Il était une mauvaise foi

Victorine de Oliveira publié le 2 min

Quarante ans ont beau avoir passé depuis sa mort, le 15 avril 1980, Sartre divise toujours autant.

Après avoir suscité des moqueries dans les années 1950, son œuvre a fini par intégrer l’Université – rien qu’en France, il a fait l’objet de plus d’une centaine de thèses. Mais ses engagements politiques pléthoriques posent encore question. Comment comprendre qu’il s’extasie devant les prisons chinoises en 1955 ? « Pas de gardiens, pas de costume spécial pour les détenus ; ils vont et viennent librement », écrit-il à Michelle Vian.

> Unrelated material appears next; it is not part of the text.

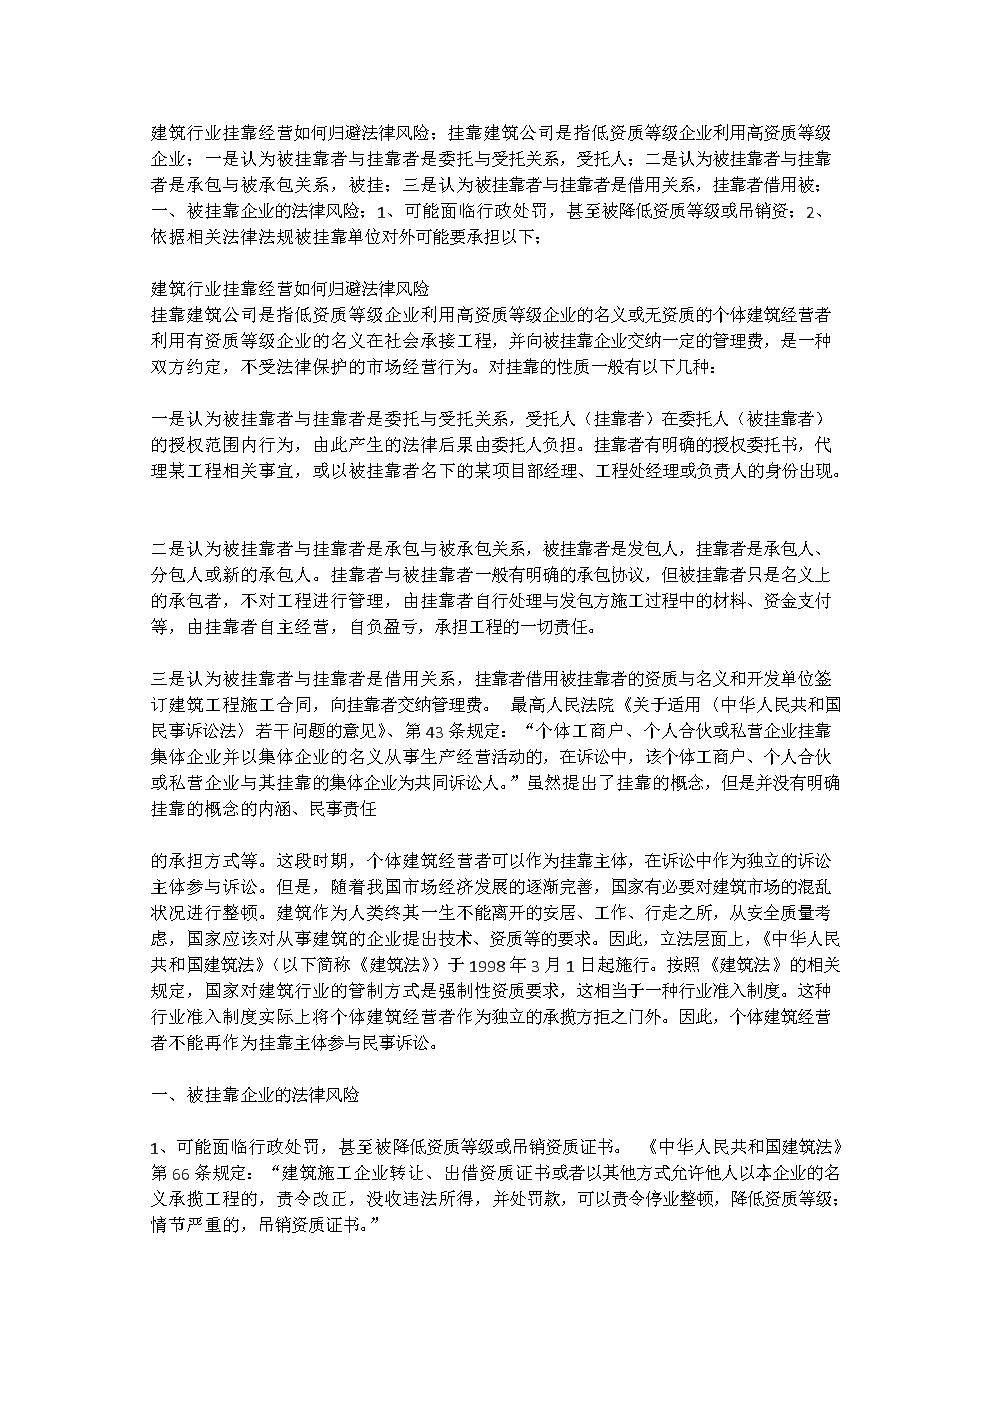 建筑行业挂靠经营如何归避法律风险.doc

Comment justifier ses multiples voyages en URSS, même après 1956, année où les chars de Khrouchtchev envahissent et répriment les révoltes en Hongrie ? Interrogé par Simone de Beauvoir dans La Cérémonie des adieux (1981) sur ses tentatives répétées de « travailler avec les communistes », Sartre refuse de s’amender et de parler d’échec personnel. On peut y voir une forme de déni. On peut aussi revenir au cœur de l’existentialisme qui inscrit l’essence de l’être humain, et de chaque individu, dans le mouvement, la continuité de ses actes. La sanction ne tombe qu’avec la mort. Commode ? Bien que l’urgence de la situation remplace chez Sartre toute tentative de définir un ensemble immuable de valeurs morales, il ne s’agit pas pour lui de prêcher le relativisme. Plutôt de souligner que, pris dans les événements et l’histoire, nous ne pouvons pas nous affranchir de leur interpellation. Leur mouvement perpétuel est aussi celui de la pensée, qui ne peut jamais s’arrêter, une bonne fois pour toutes, ses jugements. Aussi Sartre se remet-il régulièrement en question et se plie-t-il à l’exercice de l’entretien, donc de la contradiction. Ce qui n’empêche pas une certaine dose de mauvaise foi.